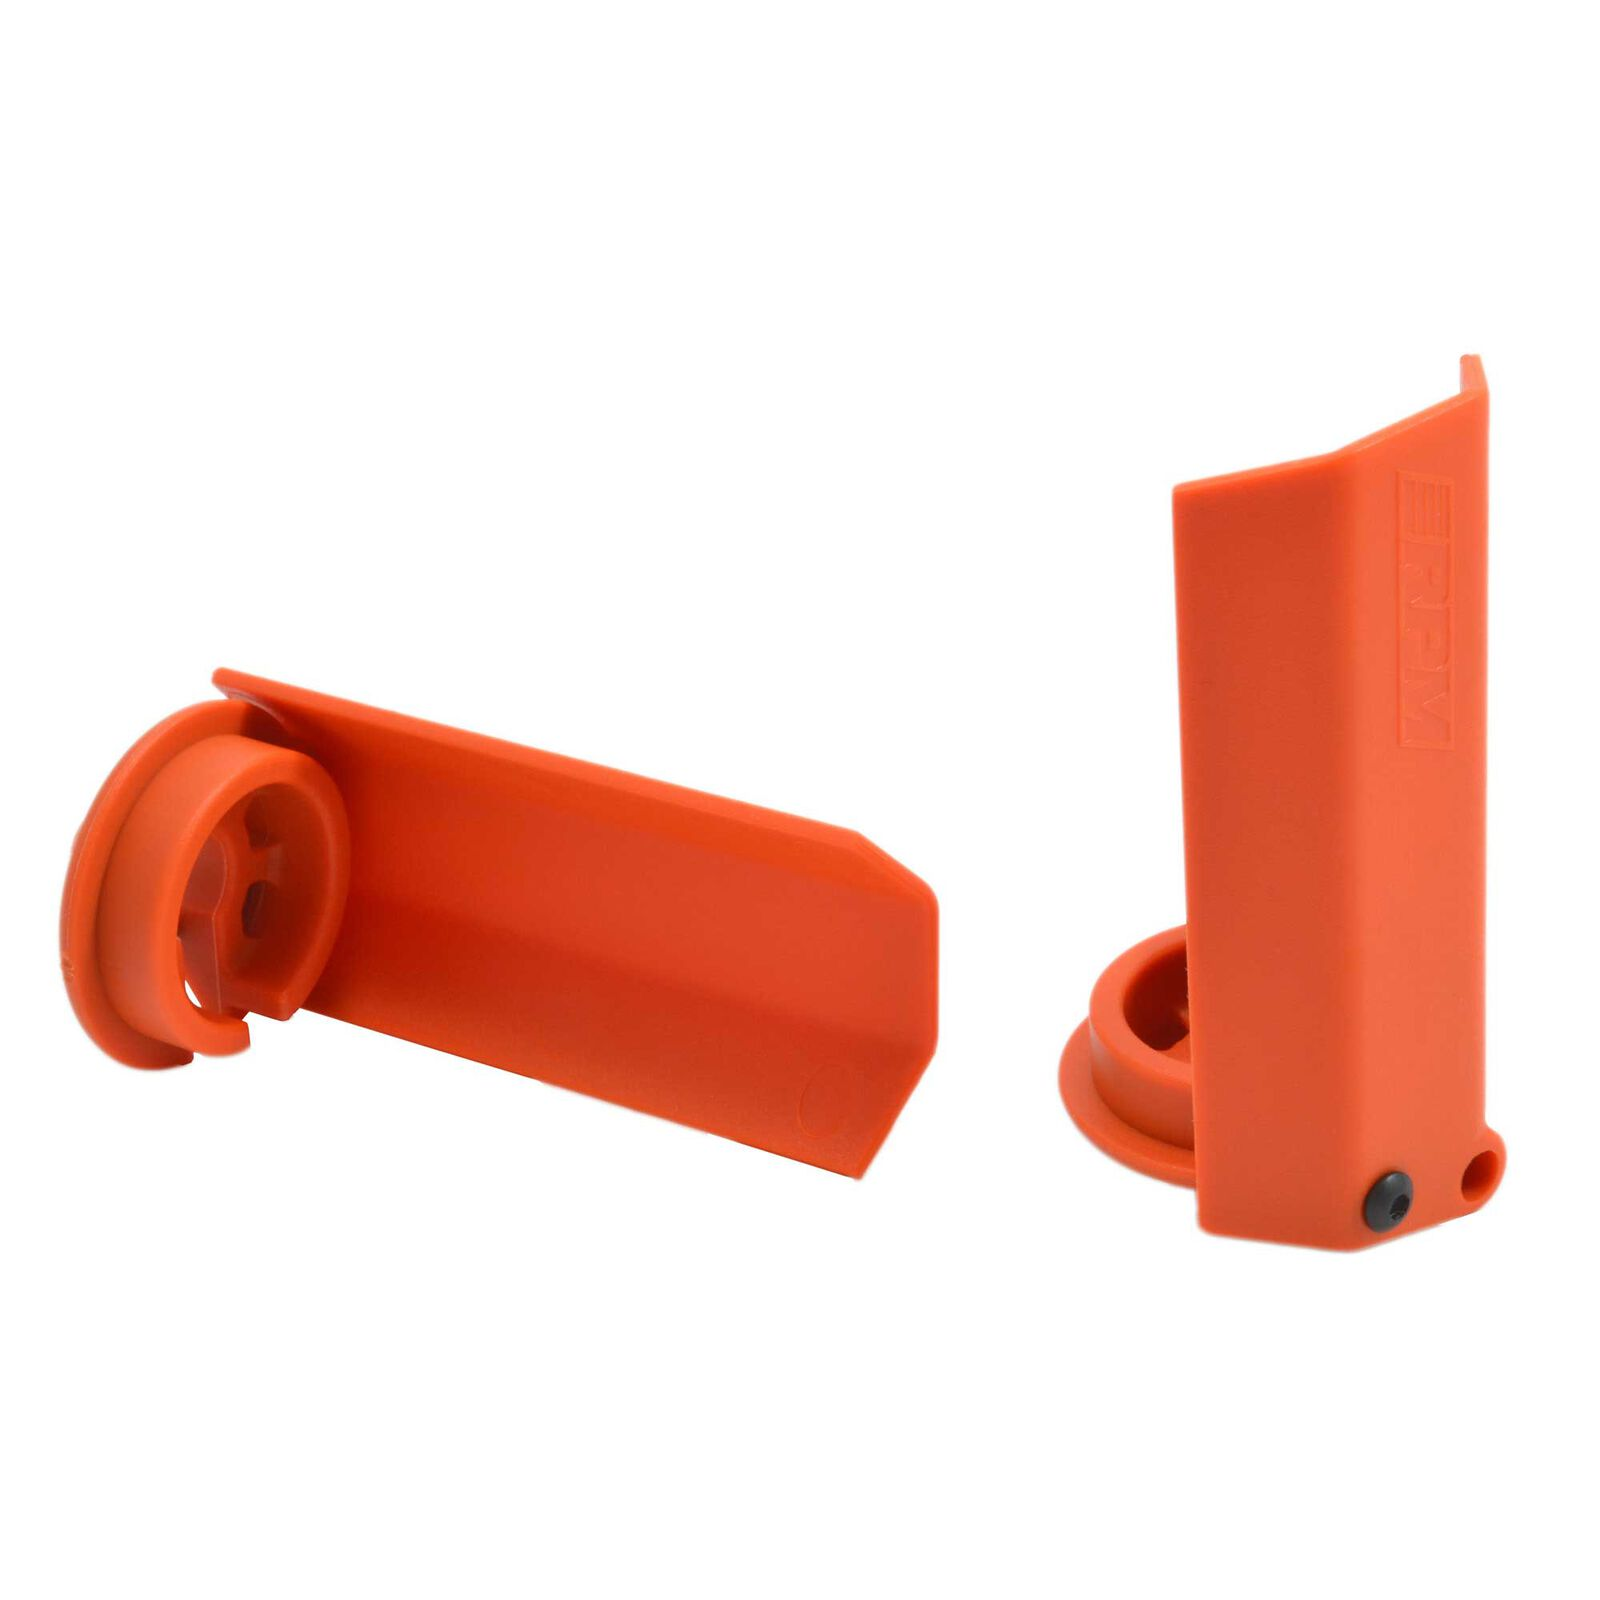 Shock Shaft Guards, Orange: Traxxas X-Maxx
--
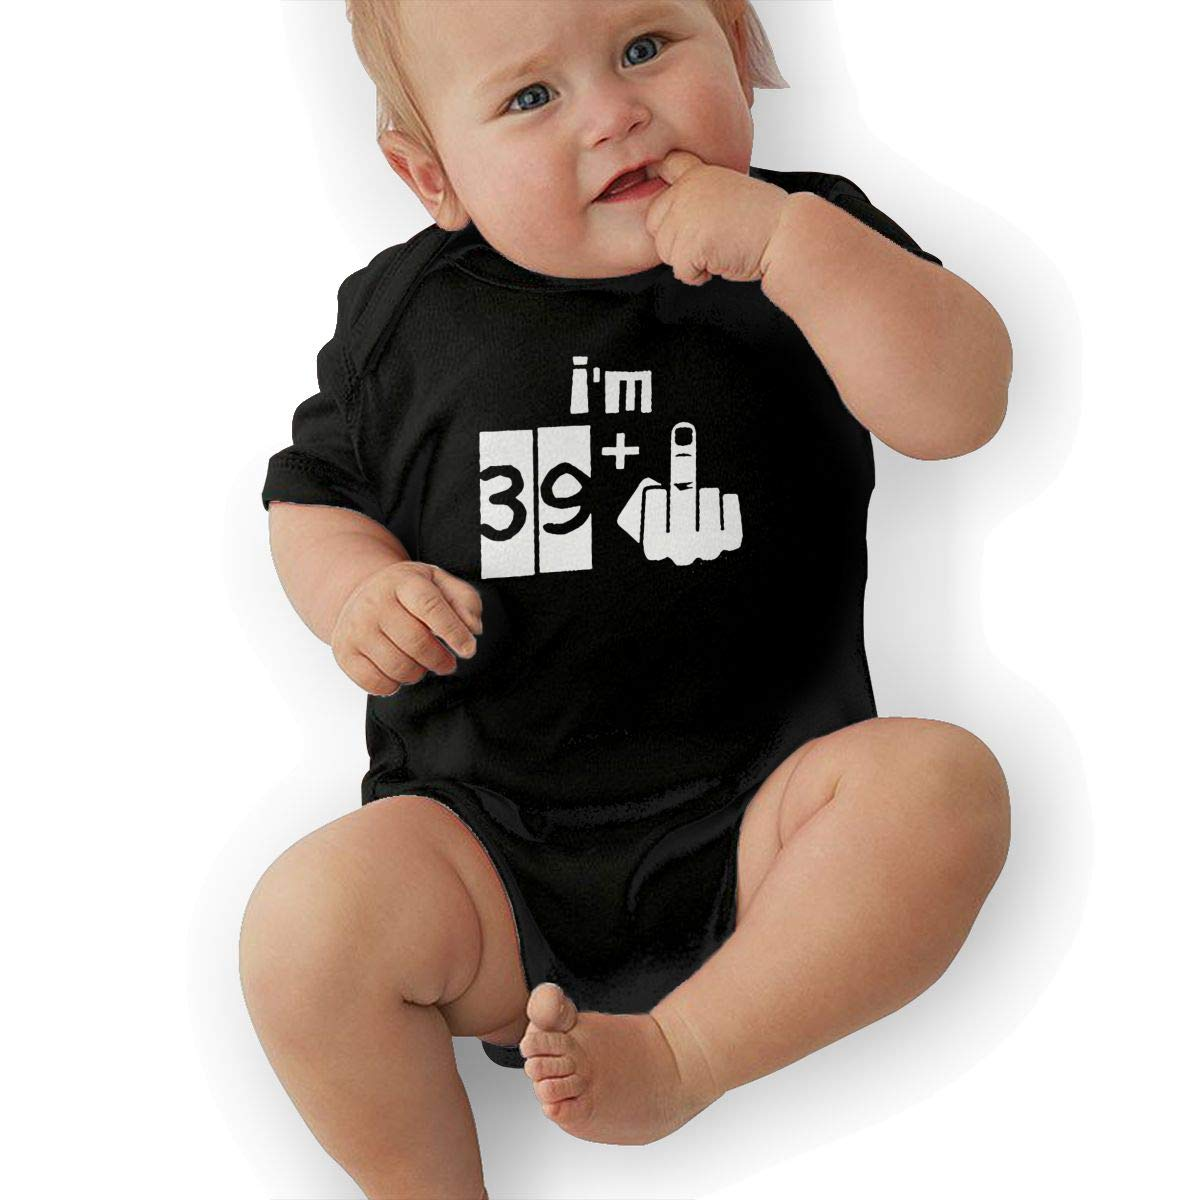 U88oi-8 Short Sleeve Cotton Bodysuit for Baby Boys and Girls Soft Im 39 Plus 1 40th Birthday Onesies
* * *
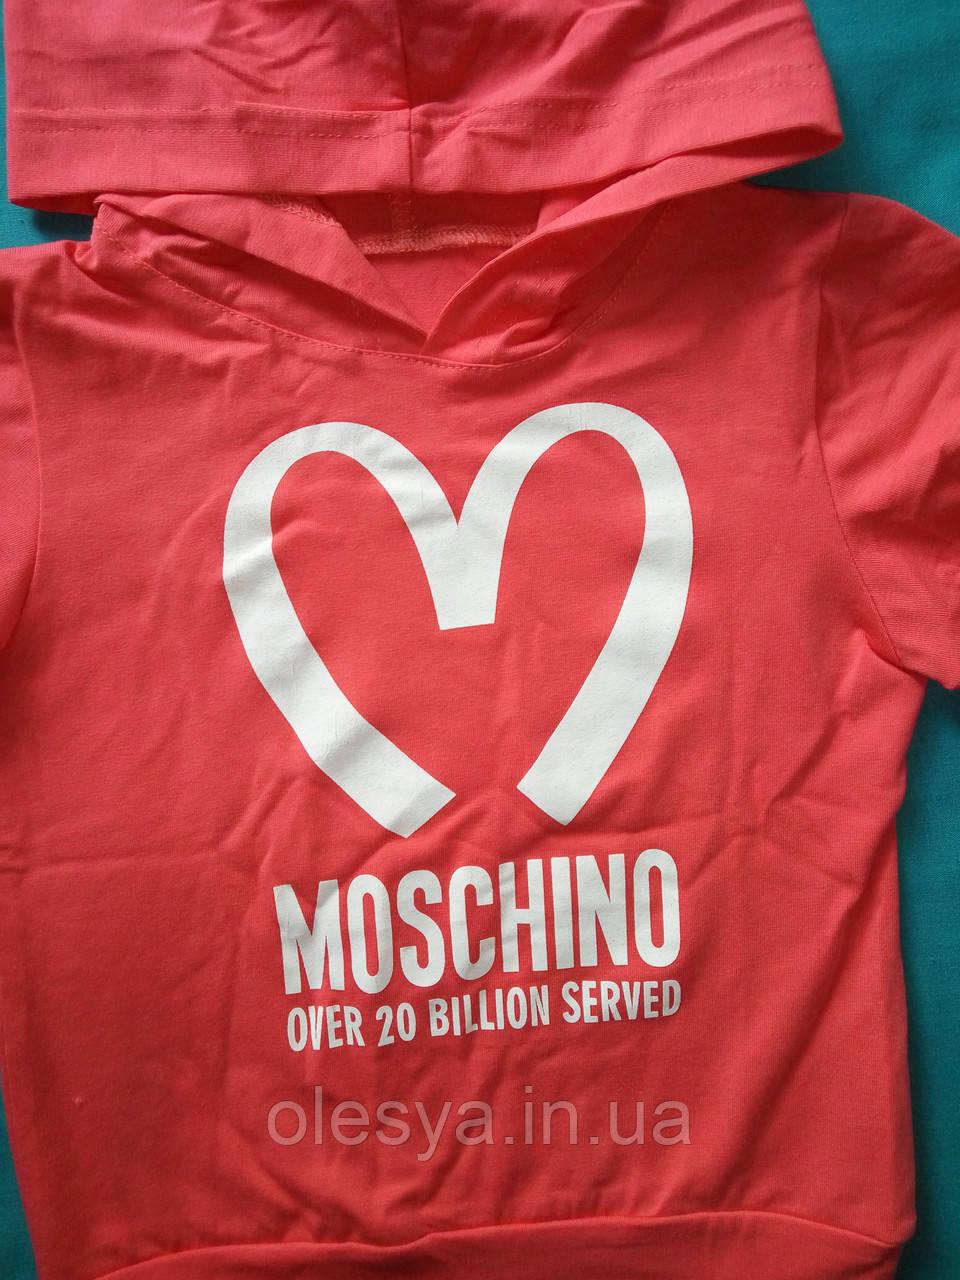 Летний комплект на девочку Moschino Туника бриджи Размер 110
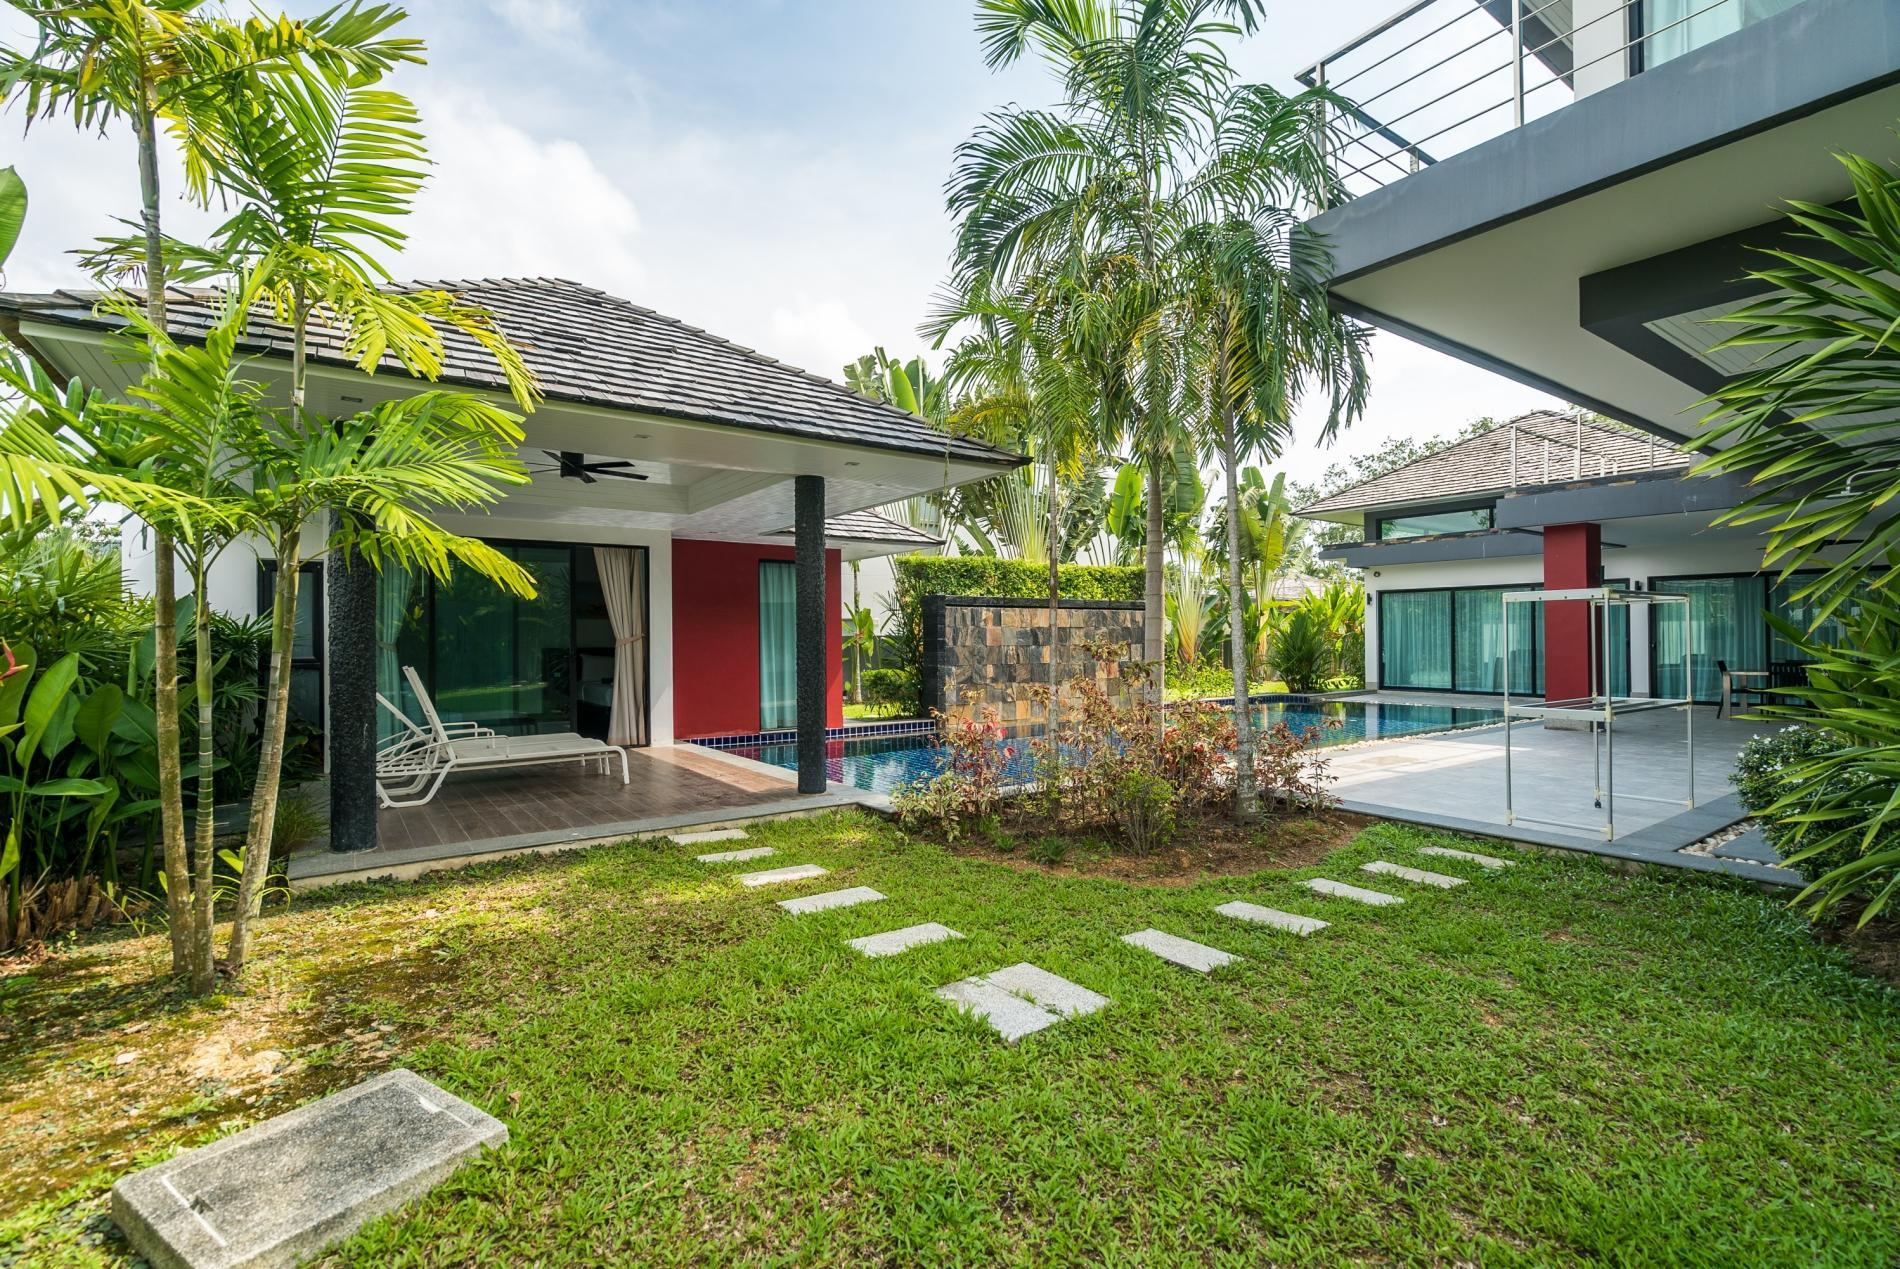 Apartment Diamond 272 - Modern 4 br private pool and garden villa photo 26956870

EXERCISE DIRECTIONS: In the listing above, find the line containing "Летний комплект на" and the line containing "Apartment Diamond 272", then print exactly those two lines and every line between them, minus the pictures.

THE COMPLETED TASK:
 Летний комплект на девочку Moschino Туника бриджи Размер 110
 Apartment Diamond 272 - Modern 4 br private pool and garden villa photo 26956870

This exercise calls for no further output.